Governor of Yamagata Prefecture
- Incumbent
- Assumed office 14 February 2009
- Monarchs: Akihito Naruhito
- Preceded by: Hiroshi Saitō

Personal details
- Born: 18 May 1951 (age 75) Ōe, Yamagata, Japan
- Party: Independent
- Other political affiliations: DP (2016–2017); DPJ (2009–2016);

= Mieko Yoshimura =

Japanese politician

Mieko Yoshimura (吉村 美栄子, Yoshimura Mieko) is governor of Yamagata Prefecture, Japan. She was elected on 25 January 2009. She defeated the sitting governor of Yamagata Prefecture, Hiroshi Saitō in an upset. A native of Ōe, Yamagata, she worked at a help-wanted advertising company before becoming a notary public for the city government of Yamagata. She soon became a member of Yamagata Prefecture's Education Committee before running for governor in 2008. She is Yamagata's first female governor and the sixth in Japanese history.

== 2009 Election ==
Yoshimura ran as an independent.
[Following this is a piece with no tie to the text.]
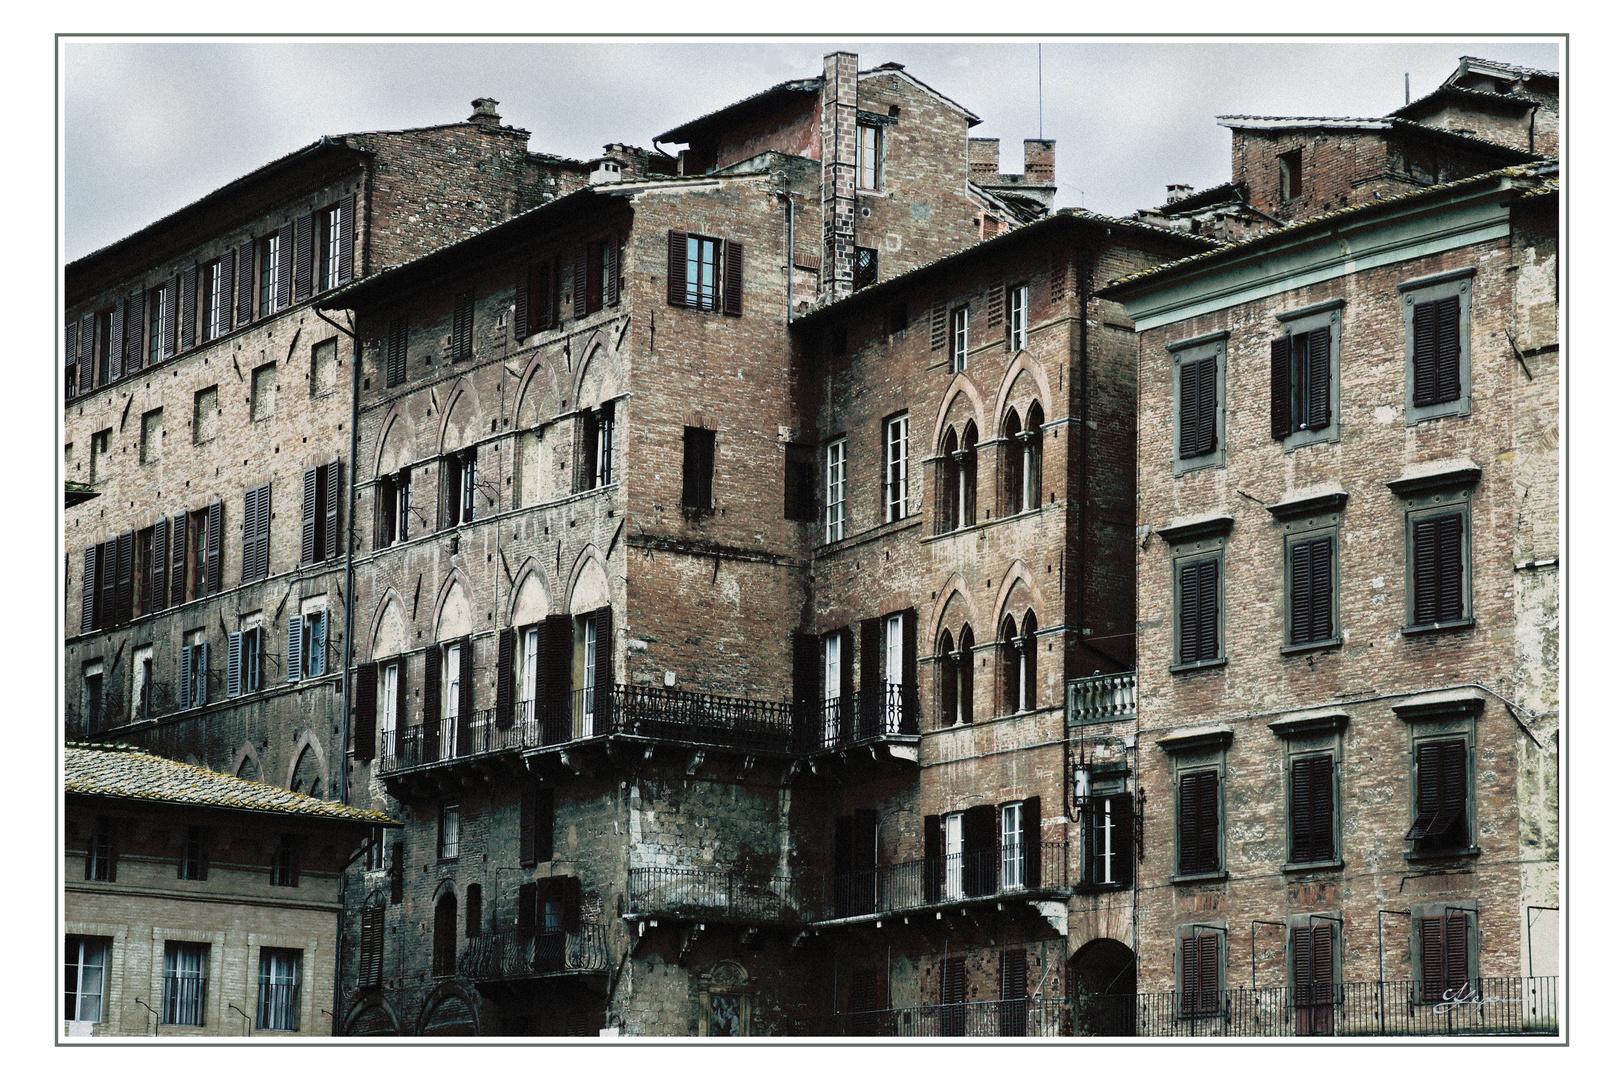 Ansicht am Marktplatz von Siena

She received the support of the Democratic Party of Japan (DPJ) and various Upper House members from the Liberal Democratic Party (LDP). This race was seen as an early indicator of the strength of the two main parties in Japan before the 2009 Japanese general election. Yoshimura's rival, Governor Hiroshi Saito, was supported by both the New Komeito Party and the majority of the LDP.

== 2021 Election ==
Yoshimura was re-elected as Governor for the third time, gaining more than 70% of the vote.